A principal alteração feita pelo CDC foi que, independentemente da causa de morte do paciente, o novo sistema exigia que a covid-19 fosse sempre listada como a principal causa de morte, sendo as outras comorbidades registadas como “factores contribuintes”.

O CDC também fez desaparecer a gripe sazonal como por magia este ano (assim como na Roménia!).

O CDC criou uma nova categoria de mortes por pneumonia, gripe e covid-19, para juntar todas estas causas. Isto apenas criou confusão sobre as mortes por covid, diz Siler, “e por favor não me diga que as máscaras e o distanciamento social reduziram as mortes por gripe sem reduzir as mortes por covid”.

“Definitivamente”, diz o médico americano, “certas mortes causadas por vacinas contra a gripe foram contadas na categoria covid esta estação”.

Para além da forma diferente de registar as mortes, o Congresso aprovou a lei CARES, que aprova mais dinheiro para os hospitais que têm doentes diagnosticados com covid. Sem negar a boa intenção, Thomas Siles afirma que o acto normativo encorajou os hospitais a inflacionar o número de doentes com covid em troca de dinheiro. Este regulamento também favoreceu a prática da especificação covid como a causa da morte dos pacientes, em vez da verdadeira causa.

Além disso, foram descobertas numerosas irregularidades na contagem das mortes por covid pelos estados americanos. A Freedom Foundation no Estado de Washington investigou as mortes por covid-19 em Maio de 2020 e descobriu que 13% das mortes por covid não mencionavam sequer a infecção por covid nos pacientes.

Um pedido ao abrigo da Lei de Acesso à Informação (FOIA) revelou que o Departamento de Saúde do Estado de Washington reconheceu em e-mails privados que estes erros eram reais e prometeu corrigi-los.

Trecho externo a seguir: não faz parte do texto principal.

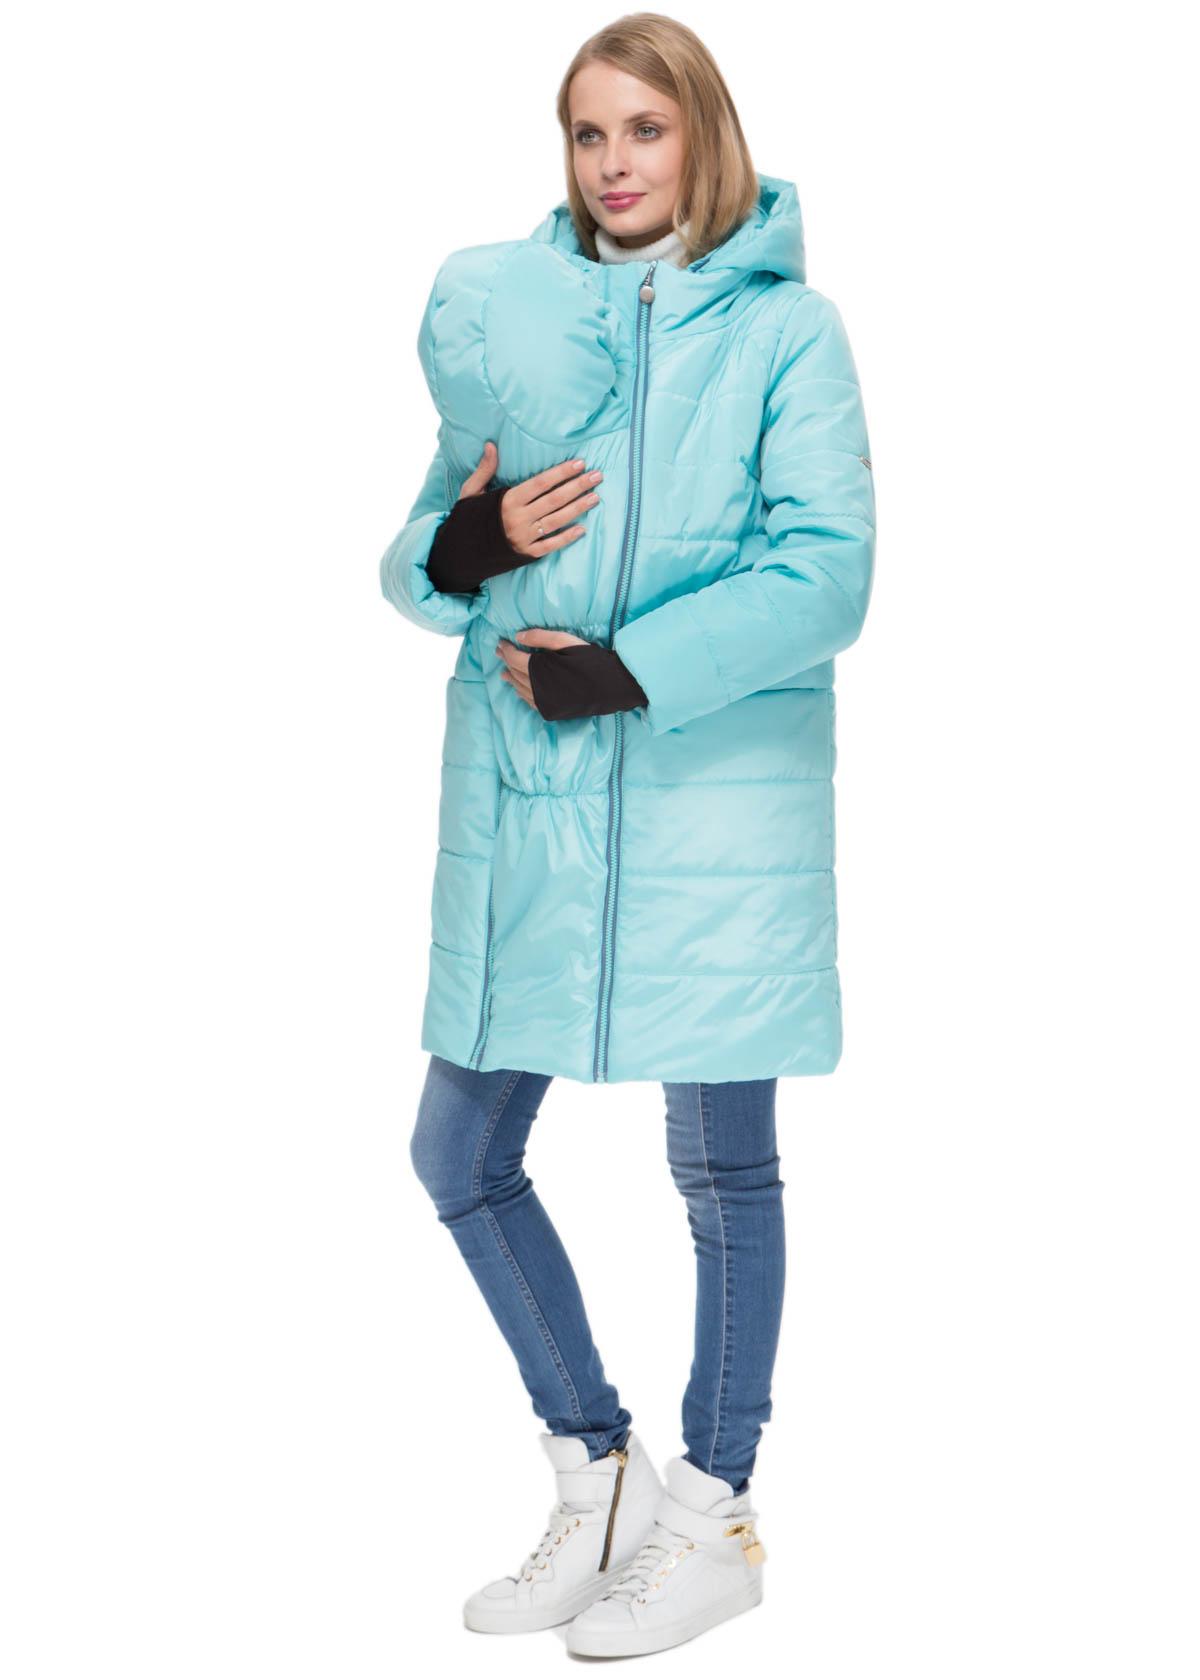 e79af45077eb ПОД ЗАКАЗ  Зимние куртки   Интернет-магазин MamaMia.by. Слинги ...

Contudo, quando a Freedom Foundation investigou novamente a situação em Dezembro, descobriu novamente que 340 mortes em 2000 (17%) não mencionavam a infecção por covid como a causa principal ou a causa contribuinte da morte. A Fundação para a Liberdade concluiu que, na realidade, não houve erro: O Departamento de Saúde de Washington tentou simplesmente inflacionar o número de mortes por infecção covid!!!

No Minnesota, em Dezembro de 2020, os legisladores Mary Farmer e Dr. Scott Jensen realizaram uma auditoria às mortes por covid-19, examinando 2.800 certidões de óbito. Verificaram que 800 pacientes (quase 30%) não tinham SRA-CoV-2 como causa de morte.

A petulância das falsificações chegou ao ponto de resultar em mortes por tiroteio ou suicídio para serem contadas como “mortes por covid”.